In some cases, your analysis layer will contain both the reference locations and the candidate search locations. You may have a single layer containing all of your stores, for example, and want to rank them from most to least similar to your top performing store. Use your stores layer as both your analysis layer and your candidate search layer. You must then identify, using one of the selection tools, which store is your top performer. You can select your reference locations using interactive query or by building a query. Alternatively, create a copy of the stores layer so there are two versions in the table of contents. Click the filter button under the first copy and define a Filter to select your top performer. Then click the filter button under the second layer and define a Filter to select the candidate search locations (which may be all of the stores except your top performer). The first layer is your analysis layer (click Perform Analysis below the layer or the Analysis button at the top of your map, and navigate to Find Similar Locations by expanding the Find Locations category). Specify the second layer for the Search for similar locations in parameter. These are your candidate search locations.

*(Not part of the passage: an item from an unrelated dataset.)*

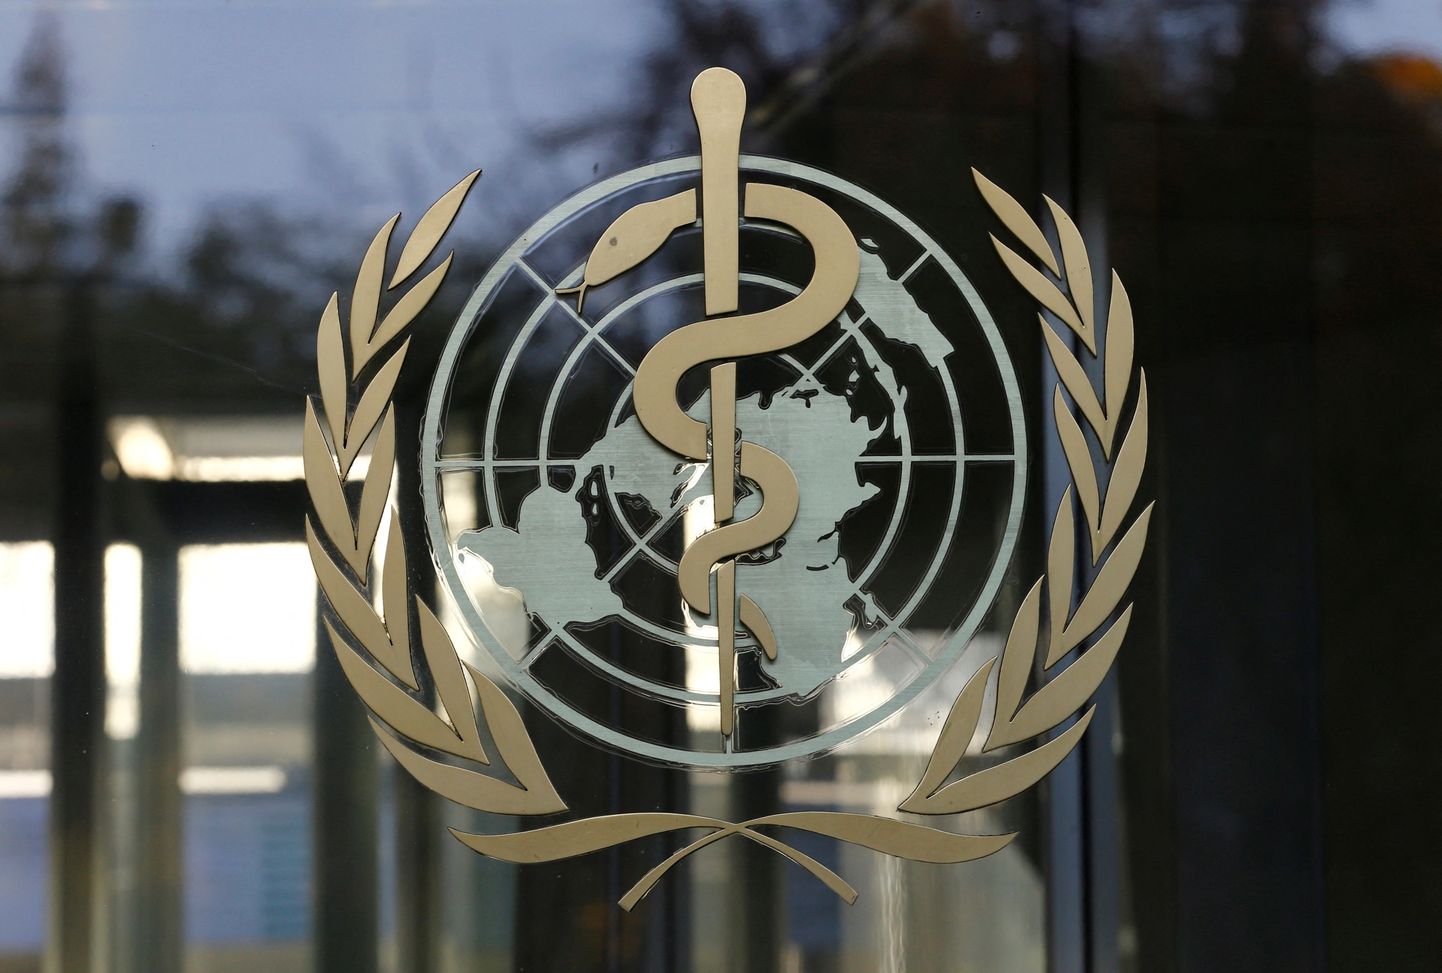 Maailma Terviseorganisatsiooni (WHO) logo.

In other cases, you will have separate reference and candidate search layers. You may have a stores layer that includes your top performer with fields describing the store customer base (fields such as median income and marital status for example) and a second layer of candidate parcels from which you will determine the best location to build a new store. In this case, if the reference locations layer includes more than just your reference locations, you must first identify the reference locations using one of the selection tools described above. If your layer only includes your reference locations (your top performing store, for example), you do not need to make a selection. You would specify your parcels layer for the candidate search locations (parameter two). If both the parcels and your top performing store have fields describing the customer base, you can run Find Similar Locations to identify candidate parcels with demographic characteristics most like the customers for your best performing store.

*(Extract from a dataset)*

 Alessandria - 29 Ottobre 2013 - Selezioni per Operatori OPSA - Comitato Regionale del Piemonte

If there is more than one reference location, similarity will be based on averages for the fields you specify. For example, if there are two reference locations and you are interested in matching population, the tool will look for candidate search locations with populations that are most like the average population for both reference locations. If the values for the reference locations are 100 and 102, for example, the tool will look for candidate search locations with populations near 101. Consequently, you will want to select fields for the reference locations fields that have similar values. If, for example, the population values for one reference location is 100 and the other is 100,000, the tool will look for candidate search locations with population values near the average of those two values: 50,050. Notice that this averaged value is nothing like the population for either of the reference locations.

Similar tools

Use Find Similar Locations to measures the similarity of locations in a candidate and reference layer. Other tools may be useful in solving similar but slightly different problems.

Map Viewer analysis tools

If you would like to find similar locations using the standard analysis tools, see Find Similar Locations.

If you are trying to select existing locations with a query, use the standard tool Find Existing Locations.

If you are trying to use a query to create new features, use the standard tool Derive New Locations.

ArcGIS Desktop analysis tools

The GeoAnalytics Tools Find Similar Locations is available in ArcGIS Pro.